PROBLEM TO WORK ON
Transcribe the lines below exactly. No image belongs in the transcription.

DATA SECTION
- Opening Delimiter -
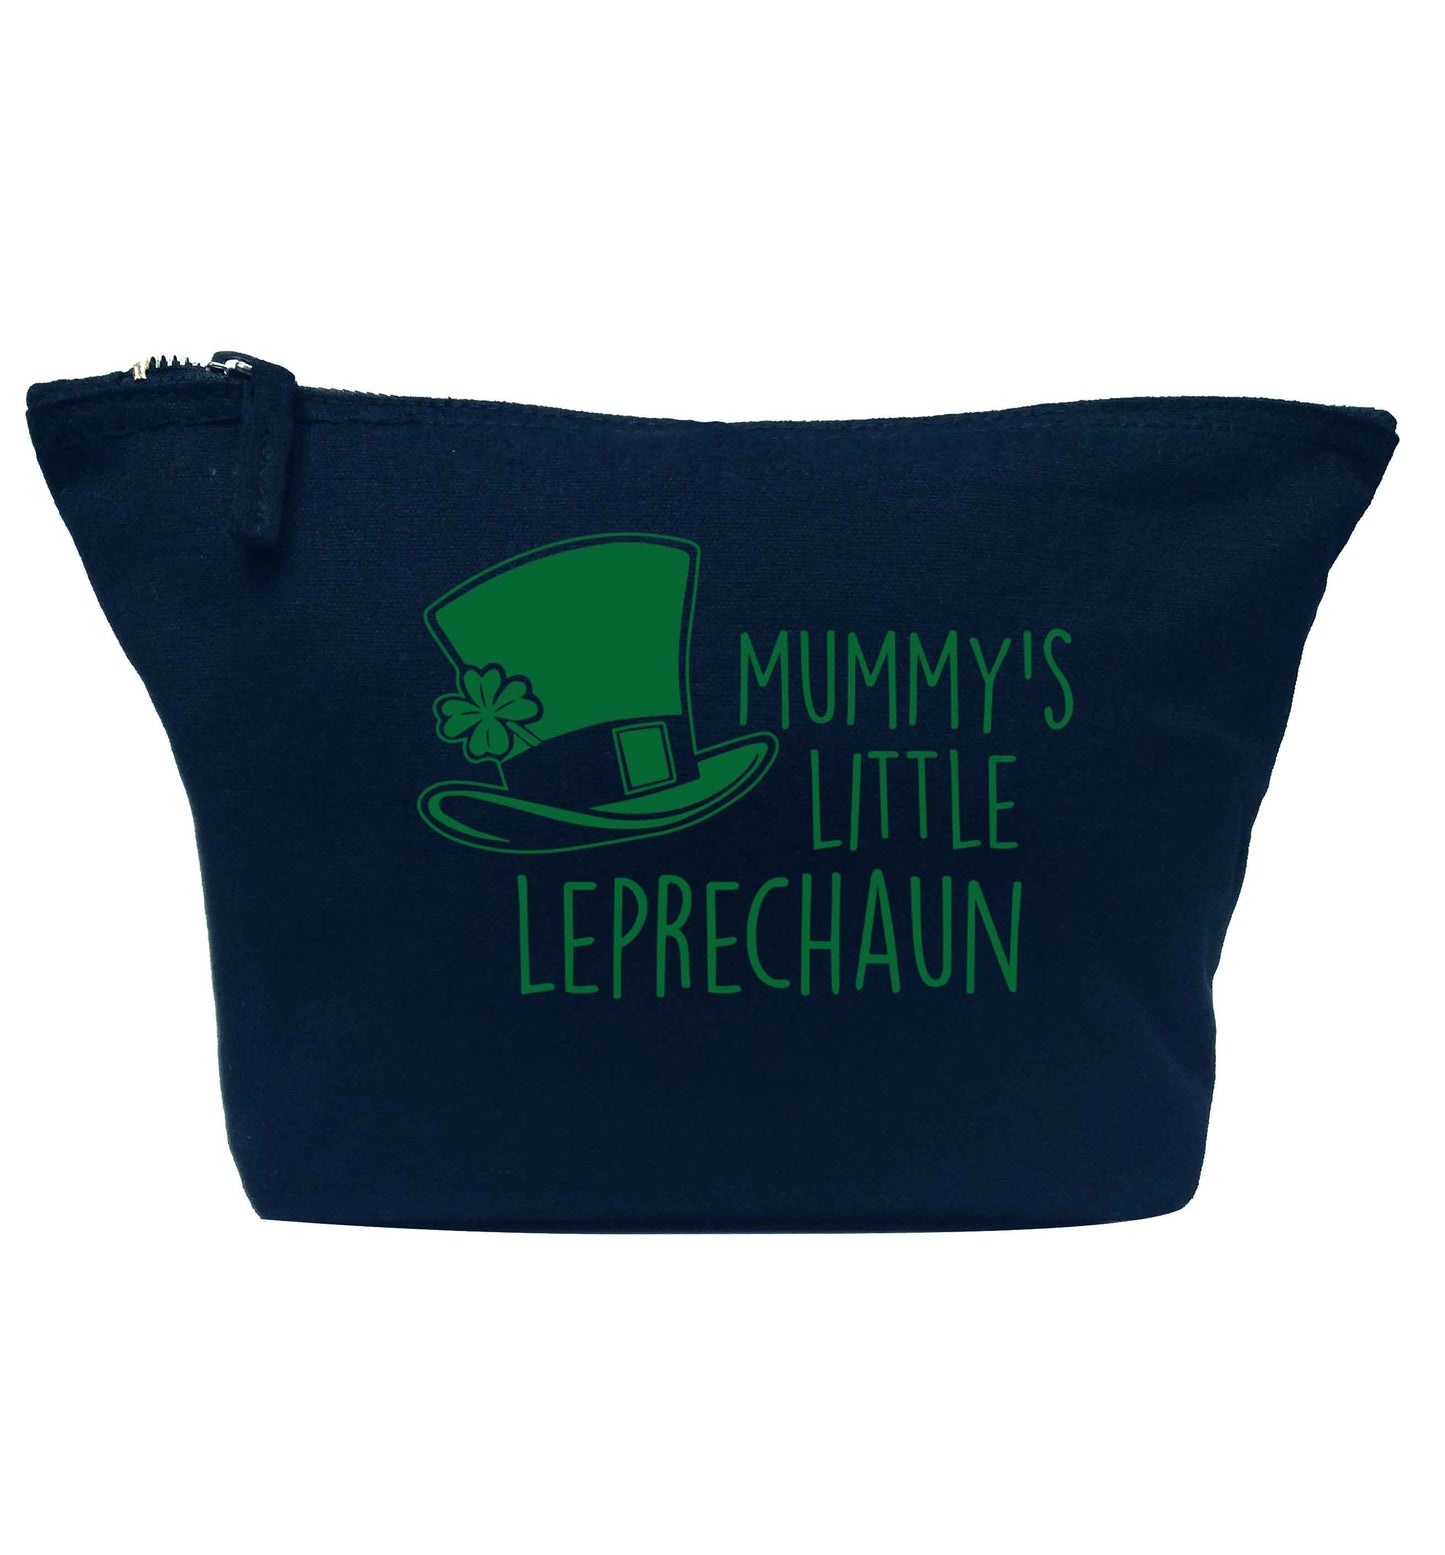 Mummy's little leprechaun navy makeup bag
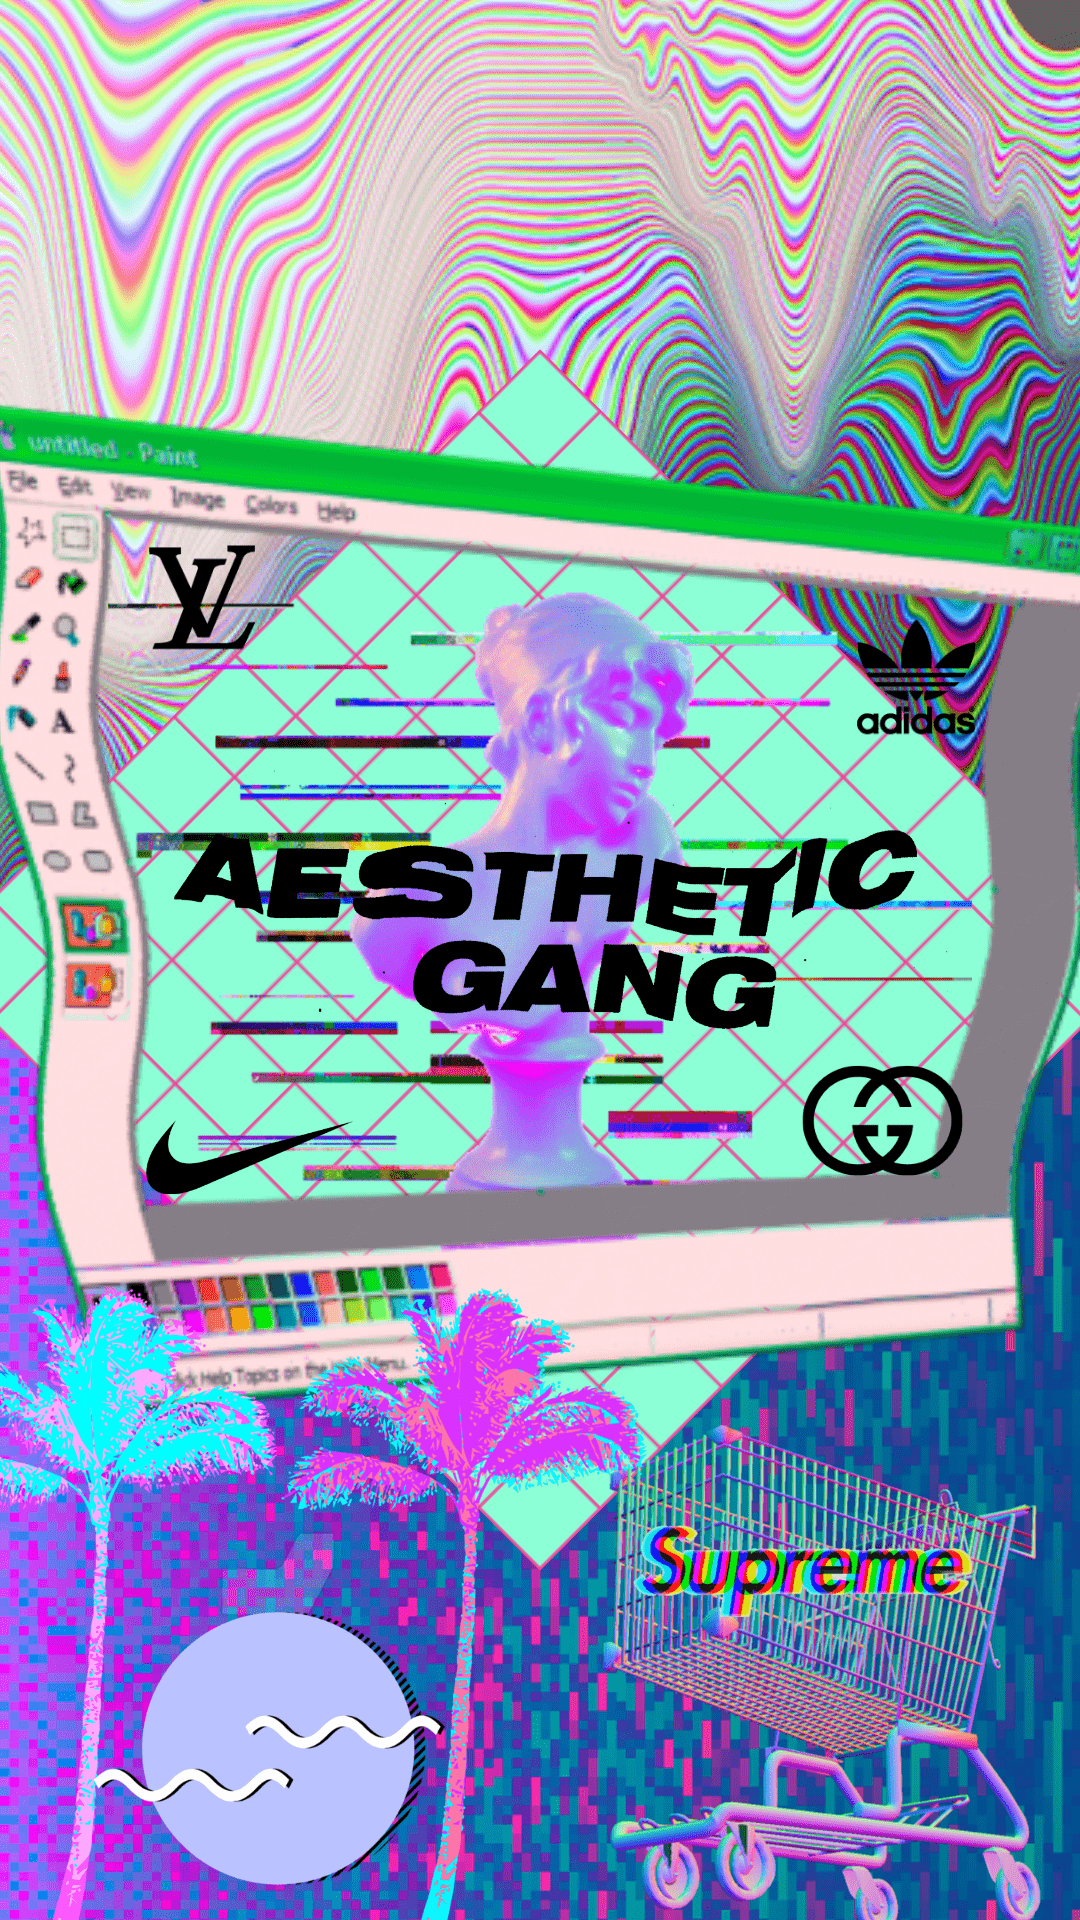 Aesthetic Gang Wallpaper I Made For My Phone - Vaporwave
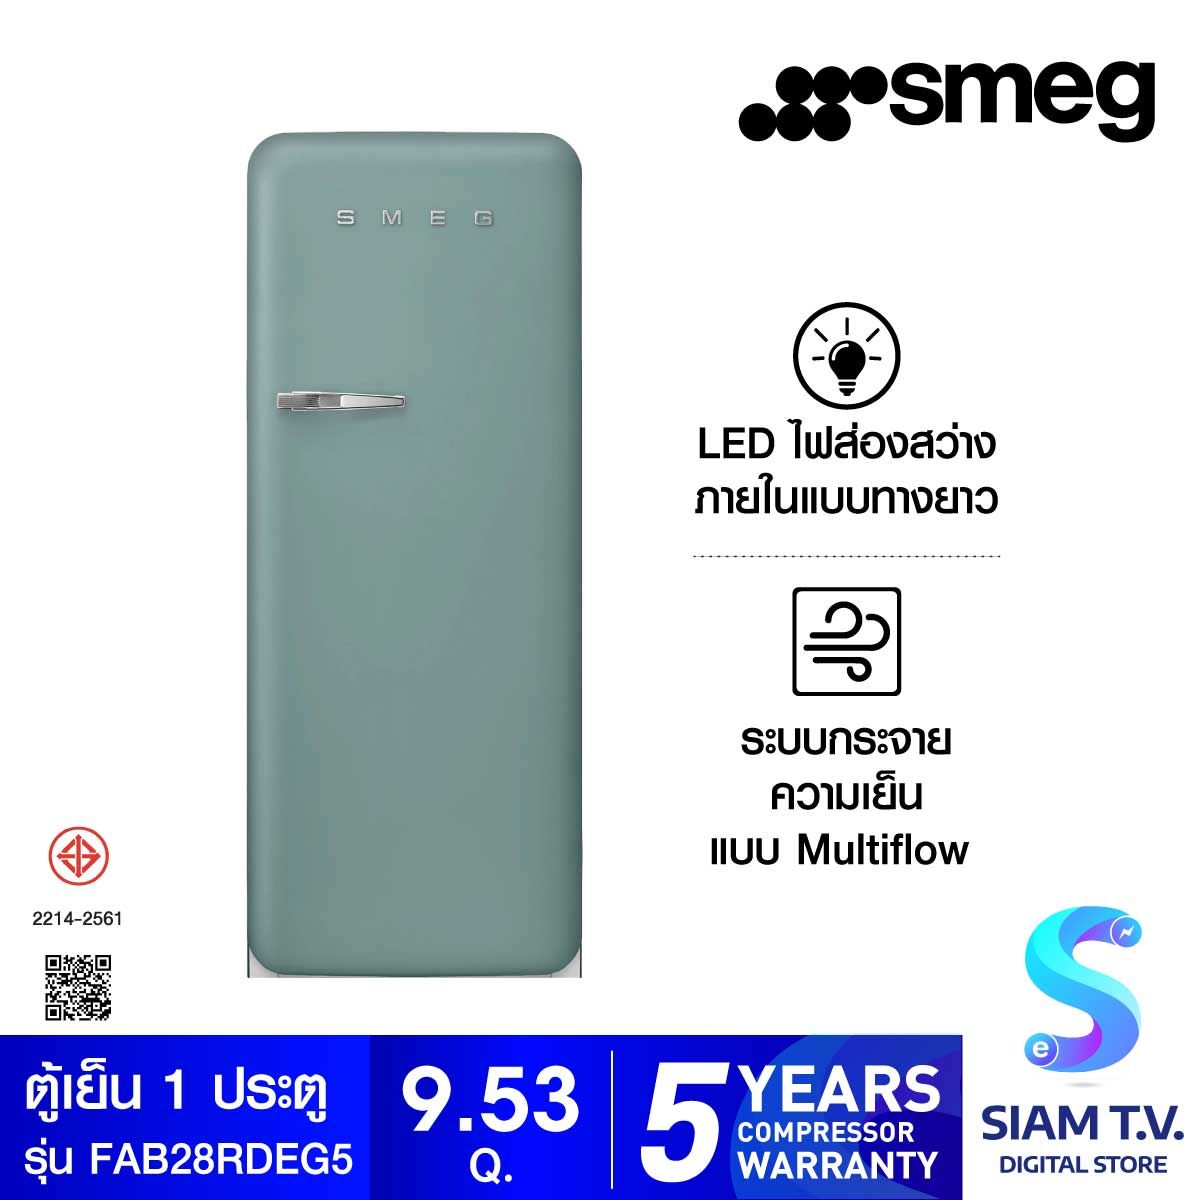 SMEG ตู้เย็น 1 ประตู 9.53 Q.สไตล์ 50 Retro Aesthetic รุ่น FAB28RDEG5 เขียวเอมเมอรัล
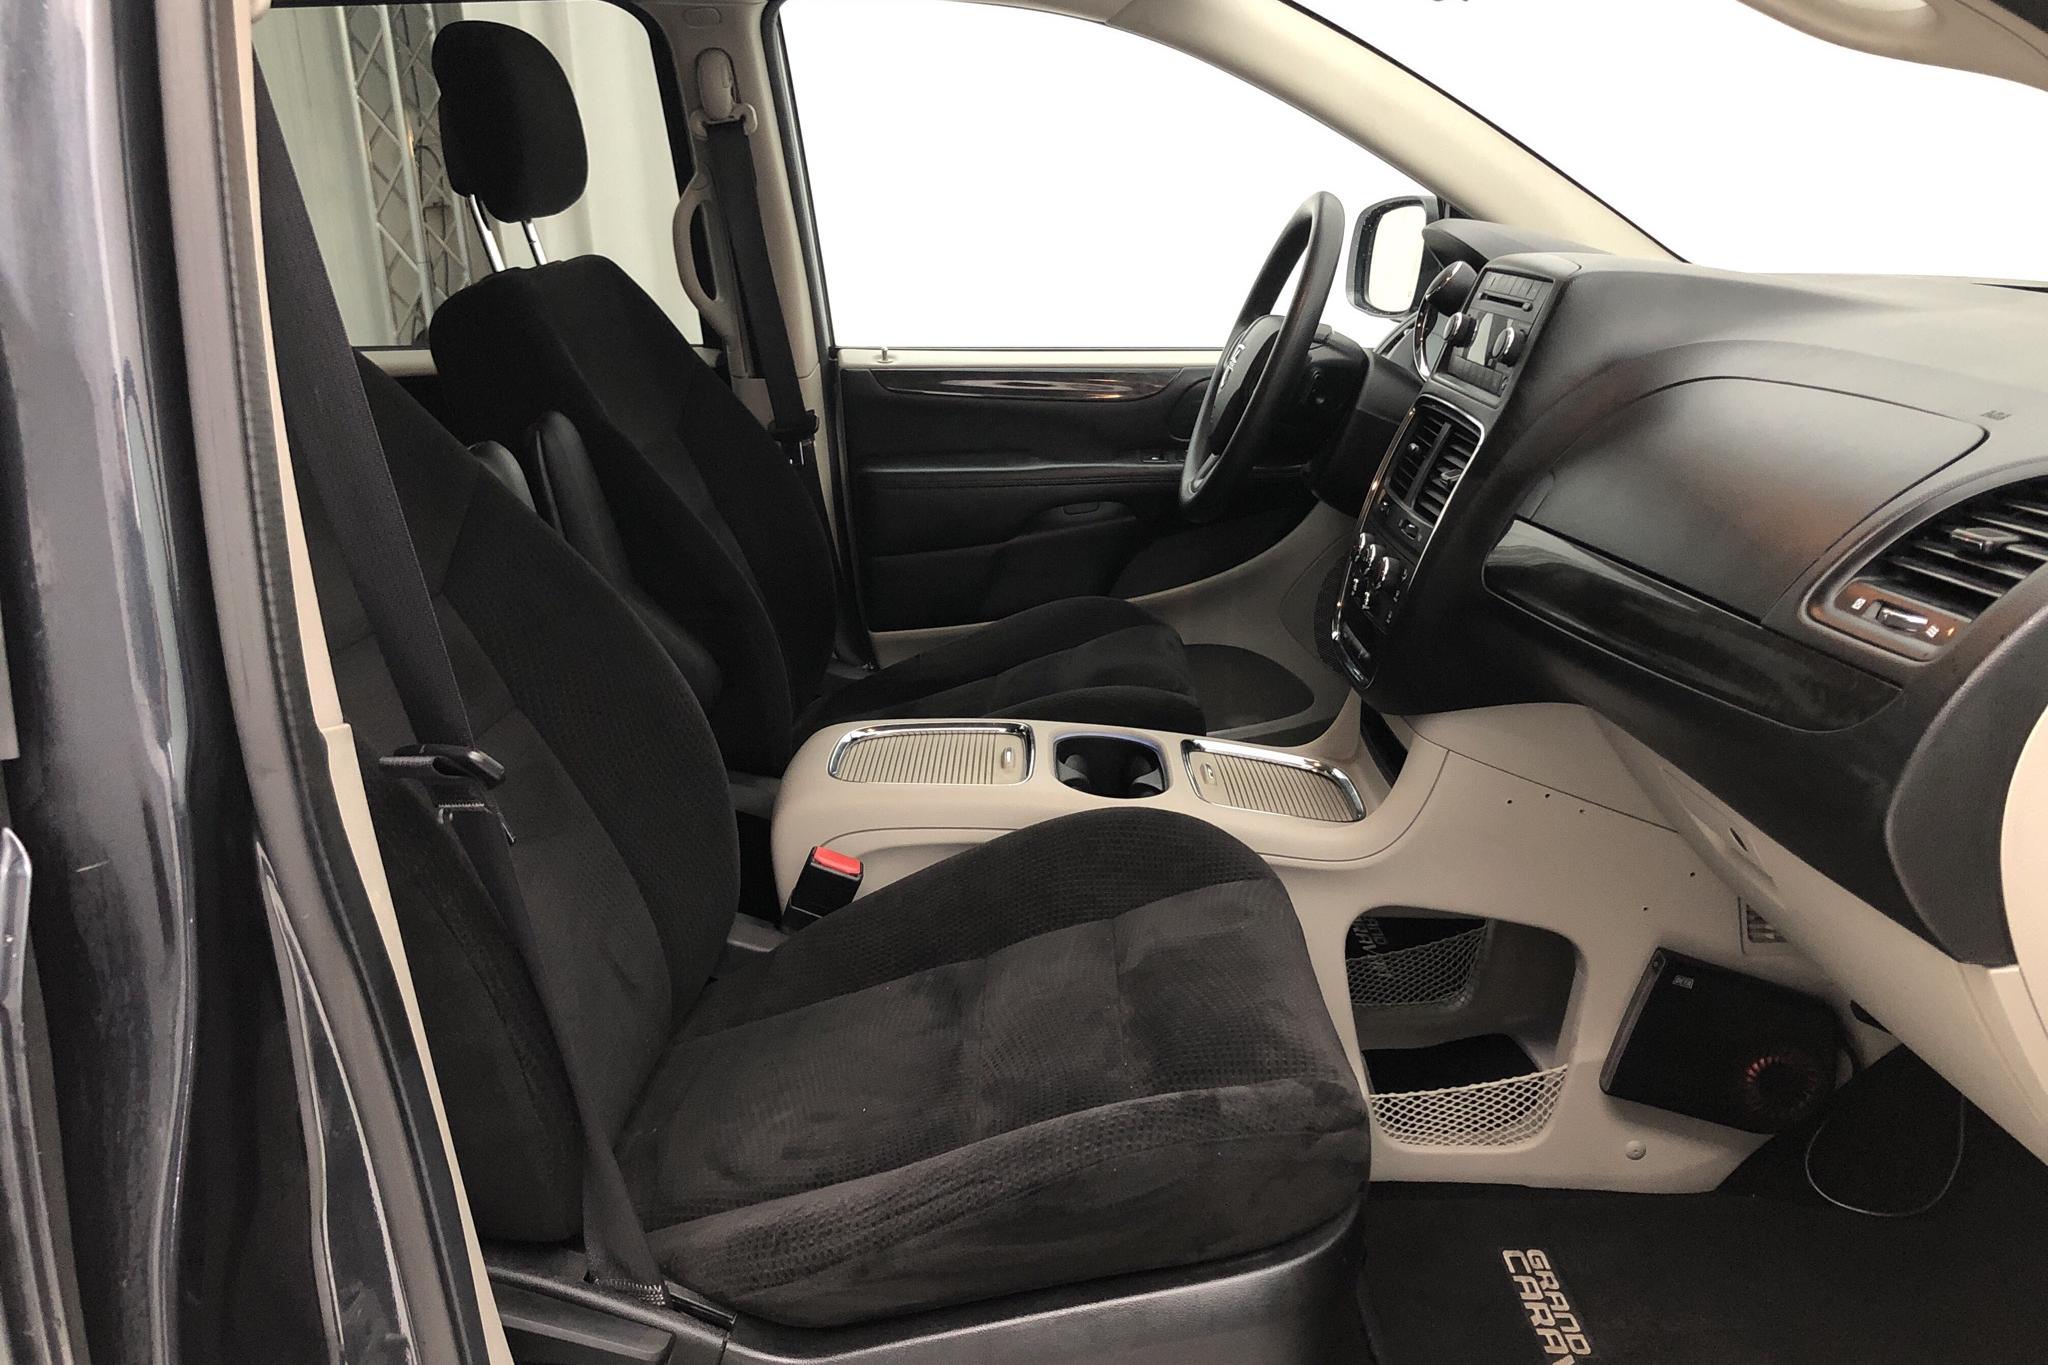 Dodge Grand Caravan SXT Flex Fuel (287hk) - 89 830 km - Automatic - black - 2014
- Closing Delimiter -
WRITTEN RESPONSE
 Mummy's little leprechaun navy makeup bag
 Aesthetic Gang Wallpaper I Made For My Phone - Vaporwave
 SMEG ตู้เย็น 1 ประตู 9.53 Q.สไตล์ 50 Retro Aesthetic รุ่น FAB28RDEG5 เขียวเอมเมอรัล
 Dodge Grand Caravan SXT Flex Fuel (287hk) - 89 830 km - Automatic - black - 2014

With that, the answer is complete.